The term “gamification” is primarily used to describe the application of game elements and mechanisms in non-game environments, with the ultimate goal of enhancing processes and improving the experience of the involved parties [1]. A second definition of gamification suggests that it is the use of the logic and dynamics of games to solve problems and increase the audience’s dependence on them [2]. This practice utilises features that make a game enjoyable to enhance user engagement, such as points, badges, tracks, difficulty levels, leaderboards, etc. [3].
It should be noted that gamification first gained popularity in fields other than education [4], as applications have been developed in various fields, such as entrepreneurship, aiming to improve personnel performance or increase and retain customer loyalty (e.g., point collection systems from purchases, visits, and similar rewards). It is also applied in the health sector as motivation for improving physical fitness (e.g., personal trainer applications, pedometers) and as a means for collecting experimental data by research entities, among many other areas of our daily lives.
Students respond better to interactive learning environments [5][6][7][8], and the need to shift from the teacher-centred model to a more learner-centred, collaborative model is becoming evident. Games expose children to learning situations that often involve activities slightly beyond their current skill levels, making them valuable in early childhood and later education [9]. The use of games as a medium for learning is not a new idea, as games, regardless of difficulty or complexity, with or without technology, can aid the learning process. Through games, cause-and-effect relationships can be taught, and what is learned through games tends to be better retained by students due to the interactive nature of the learning experience [10].

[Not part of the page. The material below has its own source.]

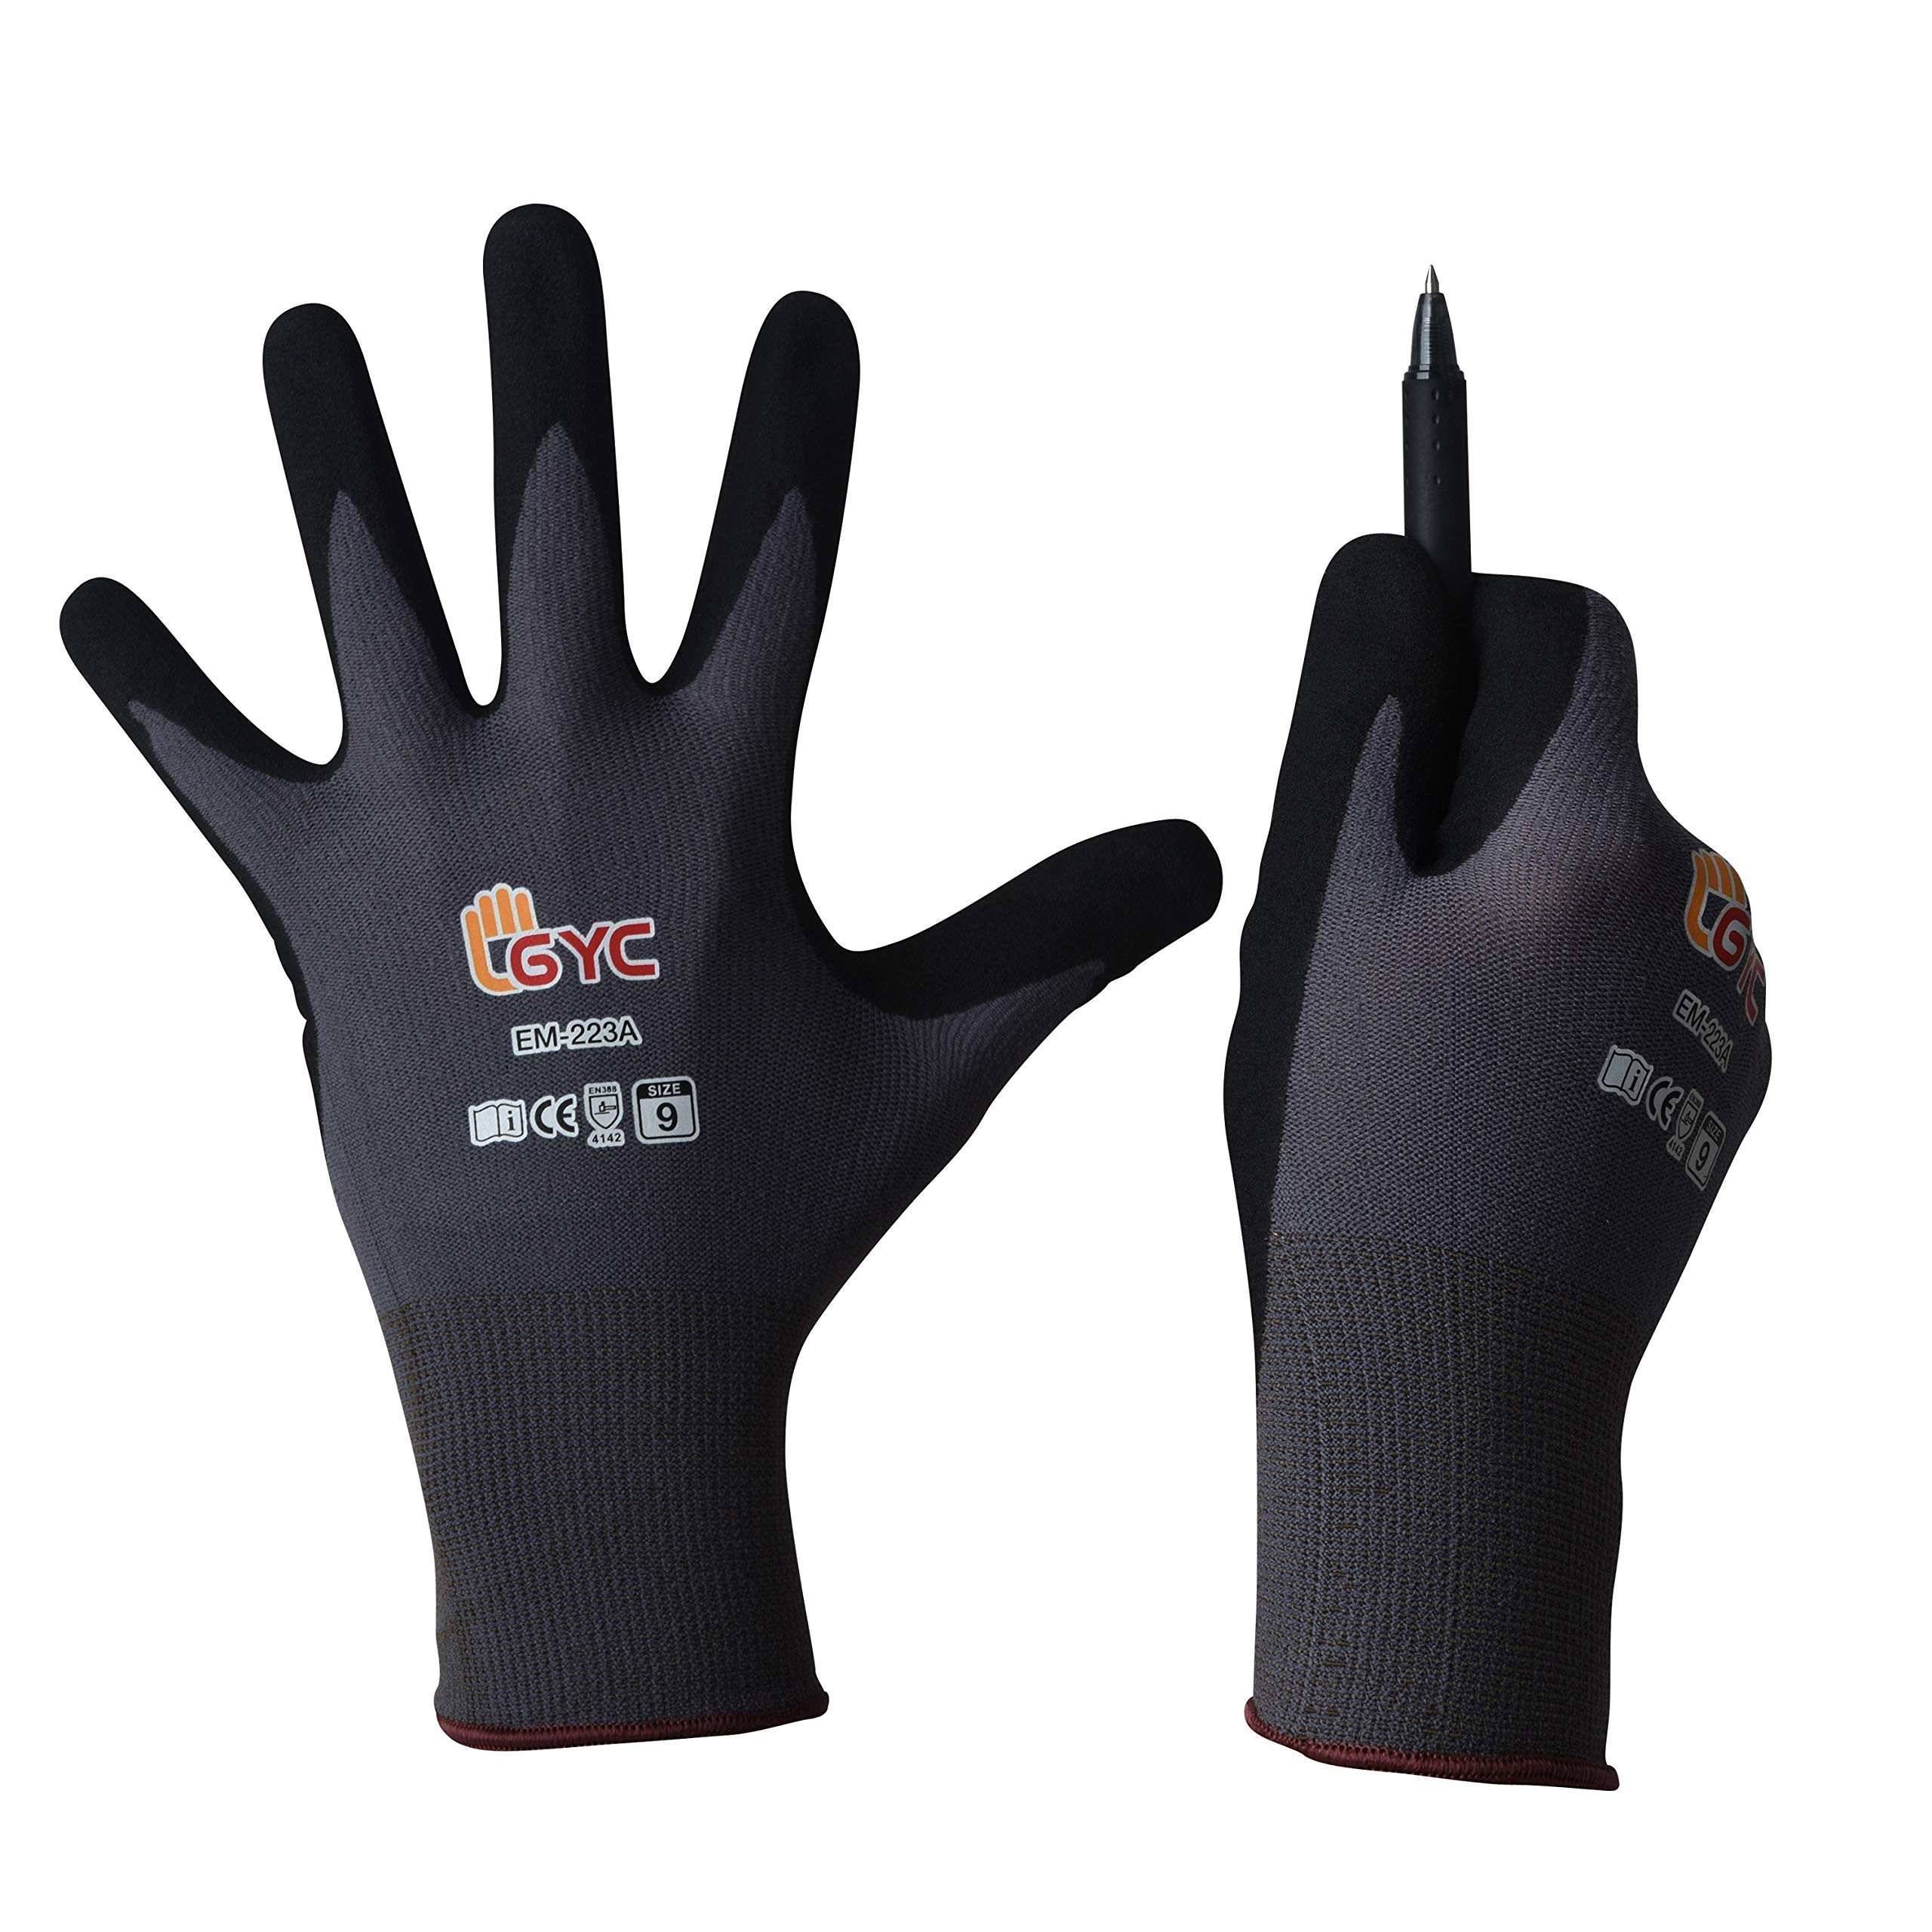 GYC Gloves, DIY Gardening, Food Grade ECO PU Coated Safety Work Gloves - 10 Pairs Pack - General Work Glove, Comfortable Grip, Anti-Slip (EM-223A / SIZE 8 - Medium, 10 Pairs) by SHINSUNG MAJOR GLOVE

As the use of digital (mainly) games by children and adolescents outside the school context continues to increase, researchers, educators, and programmers have developed a particular interest in these games. International literature increasingly refers to the use and effectiveness of games in the educational process, and various applications have been developed to facilitate their use by educators (e.g., Kahoot!, Edmodo, quizizz, wordwall, helpfulgames, learning Apps, and many more). Studies show that gamification can improve the motivation and performance of students in a variety of learning environments [11][12][13][14].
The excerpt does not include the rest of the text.